NEW YORK – New York state health officials said four deaths at a Manhattan nursing home were confirmed to be linked to an outbreak of Legionnaires’ disease, a severe type of pneumonia caused by a bacterium that grows in hot water. .
Officials from the New York State Department of Health said Thursday that a total of eight cases of Legionnaires’ disease were found at the Amsterdam Nursing Home in Amsterdam boulevard en Washington Heights.
Of the eight people confirmed to have the disease, five have died since then, four of them from legionnaires. The cause of the other death remains under investigation, health officials said.
An investigation into the deaths in the nursing home was launched on September 16, after the Mount Sinai hospital first notified the state on August 30 that two patients diagnosed with Legionnaires’ disease had been referred. there after the structure. A week later, the hospital reported two more cases of legionnaires among the hospitalized residents of the nursing home. And the nursing home reported three more.

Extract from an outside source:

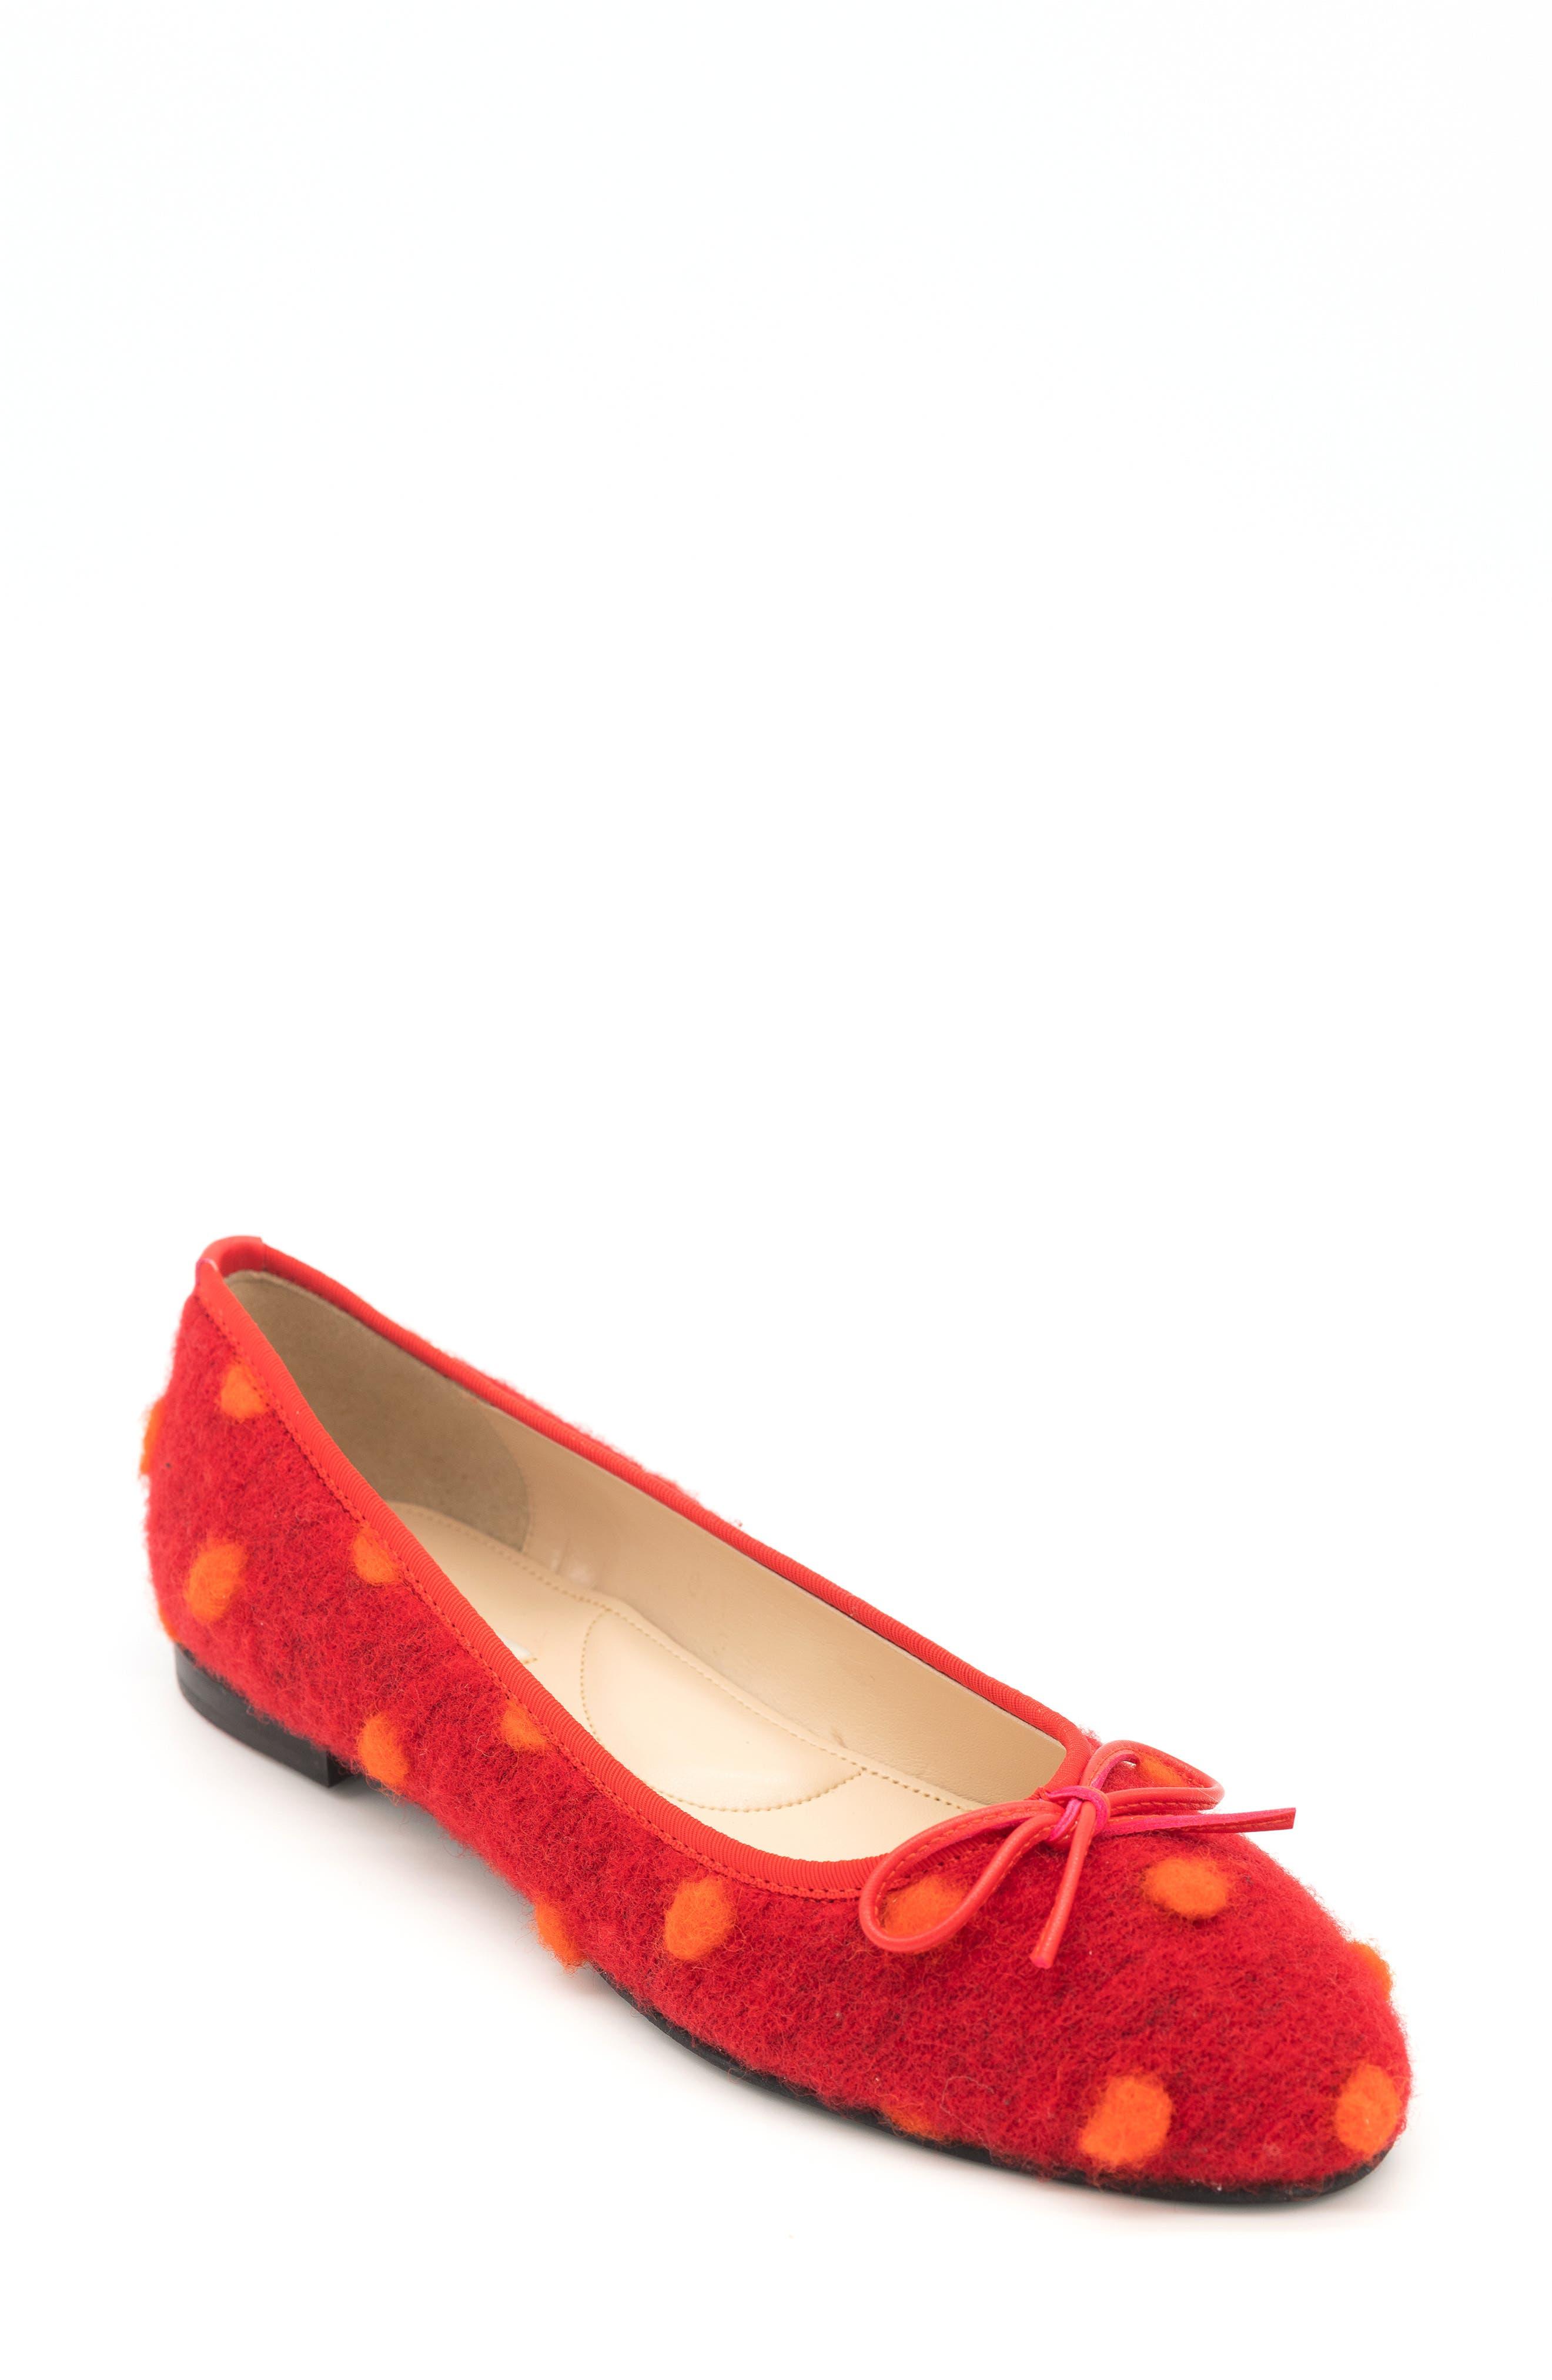 Pavlova Polka Dot Ballet Flat

Then another came, bringing the total to eight.
“The department has also conducted an on-site review and is providing support and guidance, including a recommendation to implement water restrictions for all units in the west wing of the facility, where the suspected cases resided,” state health officials said. a note. Friday statement. “The water restrictions will remain in place until further water culture tests for Legionella are completed and no additional cases are identified.”
The nursing home was also advised to conduct prospective clinical surveillance through November 2022 to prevent potential new cases. Depending on the state, Amsterdam nursing home they cultivated their water systems in January and June and did not detect the Legionella bacteria. More samples were collected on August 31, and state officials collected water samples last week. The results of the analysis of both samples are pending, the state says.
Earlier this summer, a separate outbreak of Legionnaires’ disease killed two people in the Bronx and hospitalized more than two dozen. City health officials said the outbreak was over in mid-June after four weeks had passed since a new case. In all, 30 cases were linked to that outbreak and all but two of those patients required hospitalization.
Legionnaires’ disease is a type of pneumonia. It is not contagious and can be treated with antibiotics if caught early. Infections occur due to breathing in the water vapor that contains these bacteria.
Symptoms are described as flu-like and include cough, fever, and shortness of breath. Some may not have any at all.
In New York, an average of 200 to 800 cases of Legionnaires’ disease are reported each year. In 2015, the state adopted the first national regulations requiring registration, routine inspection and control of cooling towers for Legionella in order to reduce potential exposures, prevent disease and protect the public. The legislation requires all general hospitals and residential structures to carry out the sampling of the Legionella culture and the analysis of drinking water systems. Find out more here.
Nationwide, according to the New York Department of Health, approximately 25,000 people develop Legionnaires’ disease each year. An additional unknown number are infected and have mild symptoms or no disease. Cases occur sporadically and in outbreaks. Outbreaks occur most often in the summer, but cases occur throughout the year.